Giant Asymmetric Radiation from an Ultrathin Bianisotropic Metamaterial

TL;DR

This paper demonstrates that ultrathin bianisotropic metamaterials can produce highly asymmetric unidirectional radiation, significantly advancing control over electromagnetic emission without breaking reciprocity.

Contribution

It introduces a novel approach using magnetic plasmons in ultrathin metamaterials to achieve unprecedented radiation asymmetry.

Findings

Achieved a forward-to-backward emission asymmetry of 1:32

Demonstrated that thin metamaterials (~λ0/8) can produce high asymmetry

Showed potential for applications in directional emitters and lasers

Abstract

Unidirectional radiation is of particular interest in high-power lasing and optics. Commonly, however, it is difficult to achieve a unidirectional profile in such a system without breaking reciprocity. Recently, assisted by metamaterials without structural symmetry, antennas that radiate asymmetrically have been developed, hence providing the possibility of achieving unidirectionality.

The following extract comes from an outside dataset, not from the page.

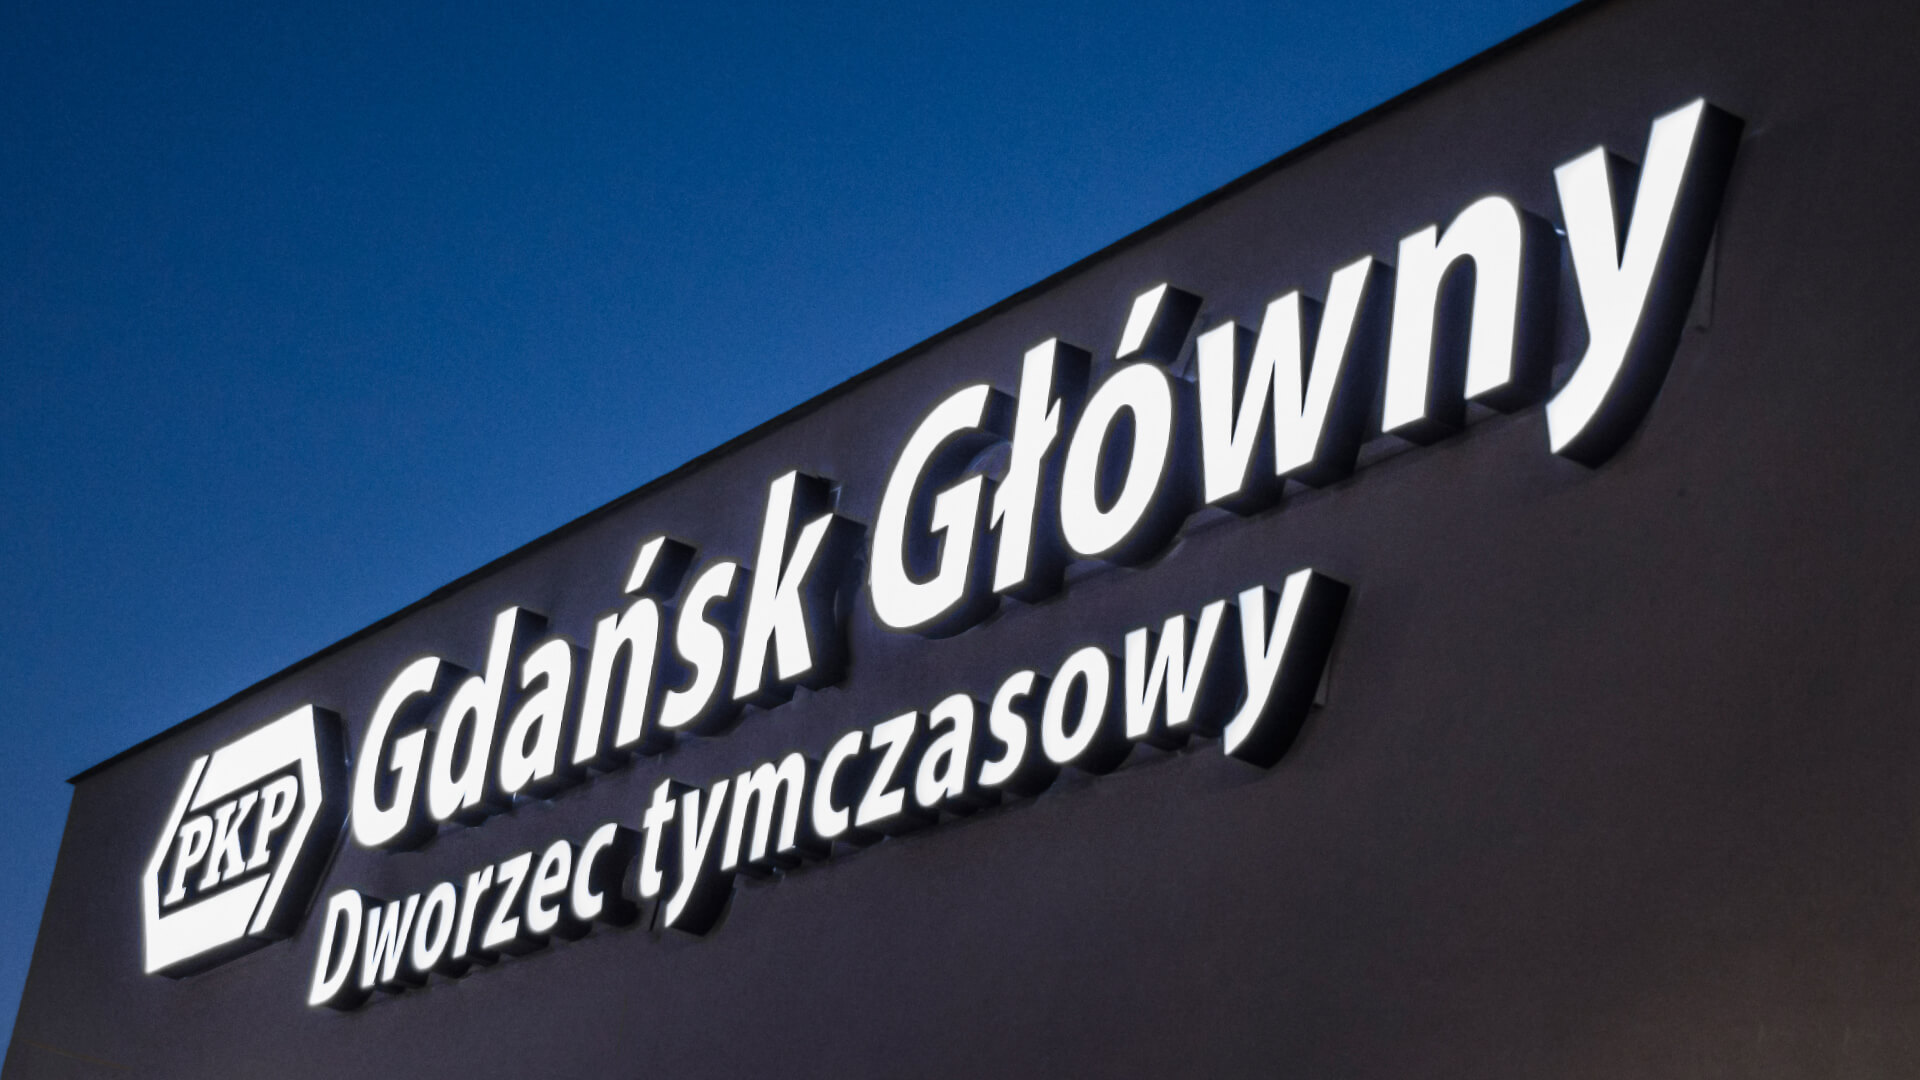 gdańsk Gdansk główny glony tymczasowy pkt dworzec - gdanski-dworzec-tymczasowy-litery-podswietlane-led-litery-na-wysokosci-litery-nad-wejsciem-biale-litery-przestrzenne-litery-na-scianie-dworzec-pkp-gdansk-glowny

Nevertheless, it has been challenging to achieve extremely high radiation asymmetry in such antennas. Here, we demonstrate that this radiation asymmetry is further enhanced when magnetic plasmons are present in the metamaterials. Experimentally, we show that a thin metamaterial with a thickness of approximately {\lambda}_0/8 can exhibit a forward-to-backward emission asymmetry of up to 1:32 without any optimization. Our work paves the way for manipulating asymmetric radiation by means of metamaterials and may have a variety of promising applications, such as directional optical and quantum emitters, lasers, and absorbers.